I am smokin' spares and abt's for a family gathering in a couple of weeks. I am just wandering what the going price is for abt's. I am buying a 1/2 bushel, that is around 125 japs, not all will be abt's. I split them in half, so of course it will be double (50=100), wrapping with bacon and a lil smokey link and cream cheese.

Any info would be appreciated.


----------



## eman (Oct 14, 2010)

You asking for a selling price or what the cost will be to make 50 abts???


----------



## rp ribking (Oct 15, 2010)

eman said:


> You asking for a selling price or what the cost will be to make 50 abts???




Eman, I am asking about a selling price.


----------



## bmudd14474 (Oct 15, 2010)

I have seen other catering companies charge $20-$22.50  a dozen.

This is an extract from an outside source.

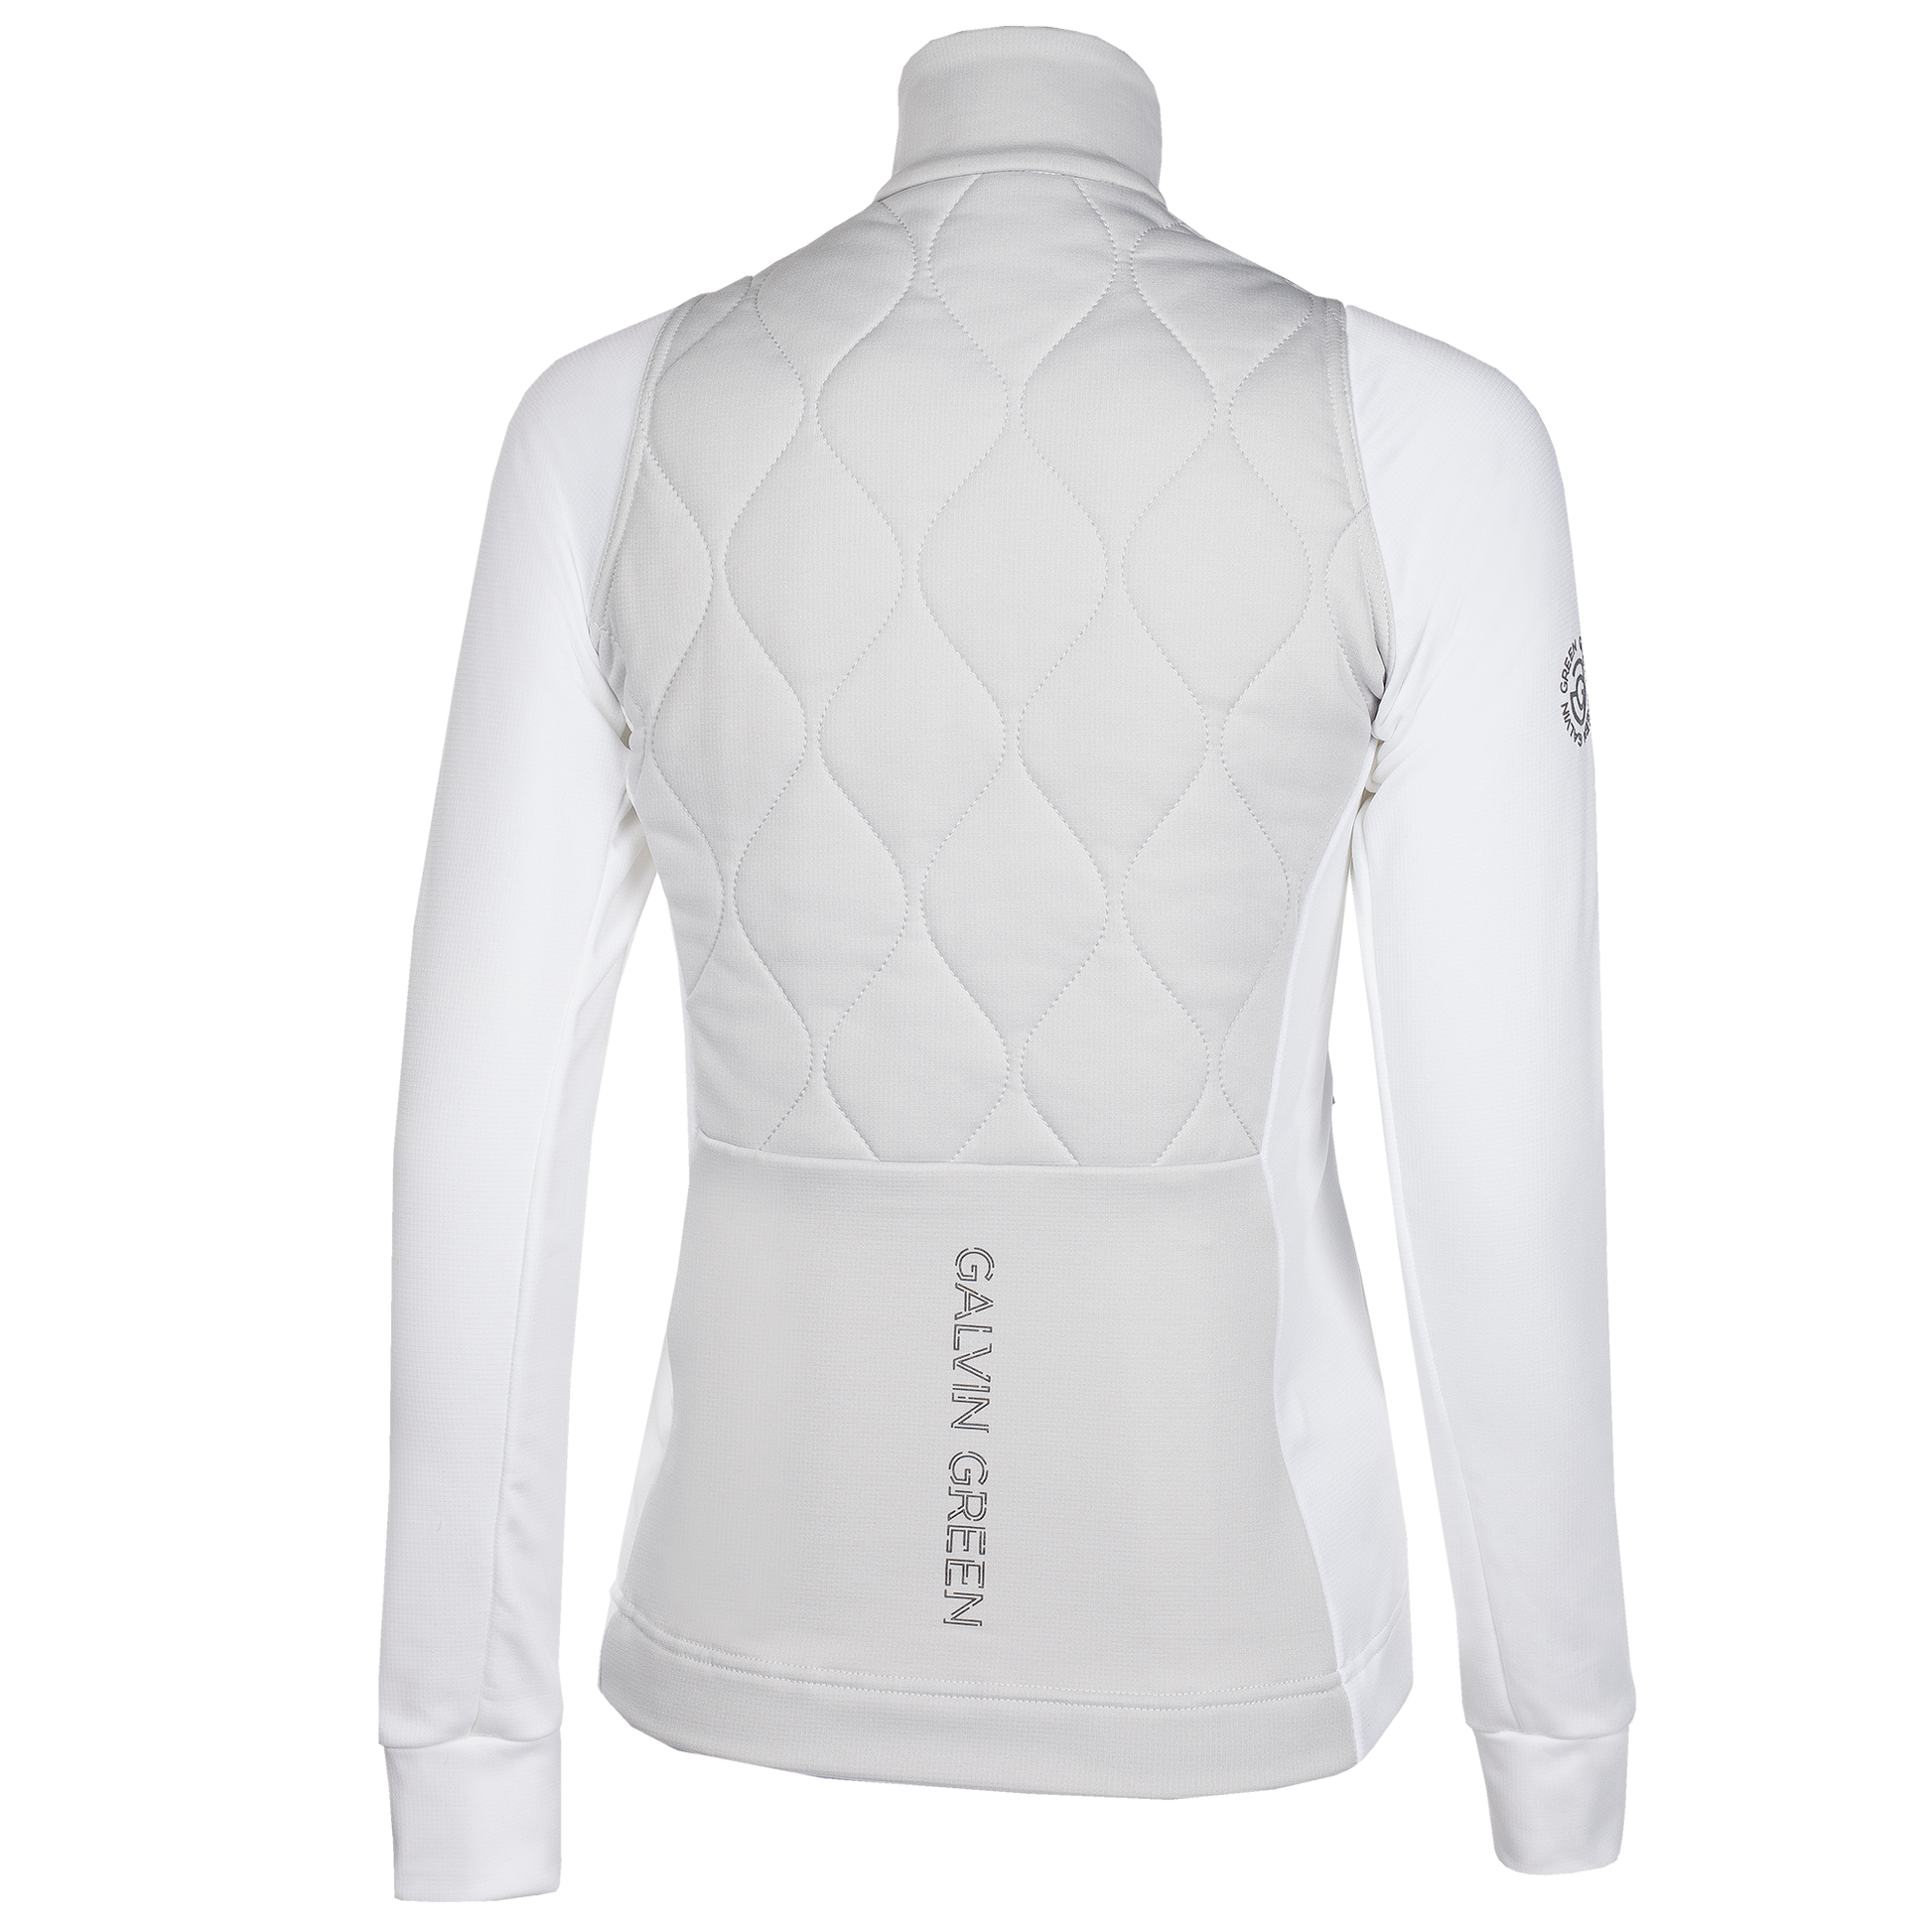 Galvin Green Ladies Insulating Mid-Layer Jacket In Cool Grey And White

They are cored and not halved.  Figure your cost for everything and add your profit. You may end up right around the price I have seen. Hope that helps. BTW This catering company was in Reno NV


----------



## eman (Oct 15, 2010)

Try cost times X 

 If you can get the stuff to make em cheap x = 3 if it cost ya a bit x=4\

No less than  $2 each if your making 100. abt's are very labor intensive. more so than most meats you will smoke.

 Just look at most caterers ,they charge at least a dollar for a small square of cake.

 baked in a large sheet pan and sliced.

 ALOT less labor than ABTs


----------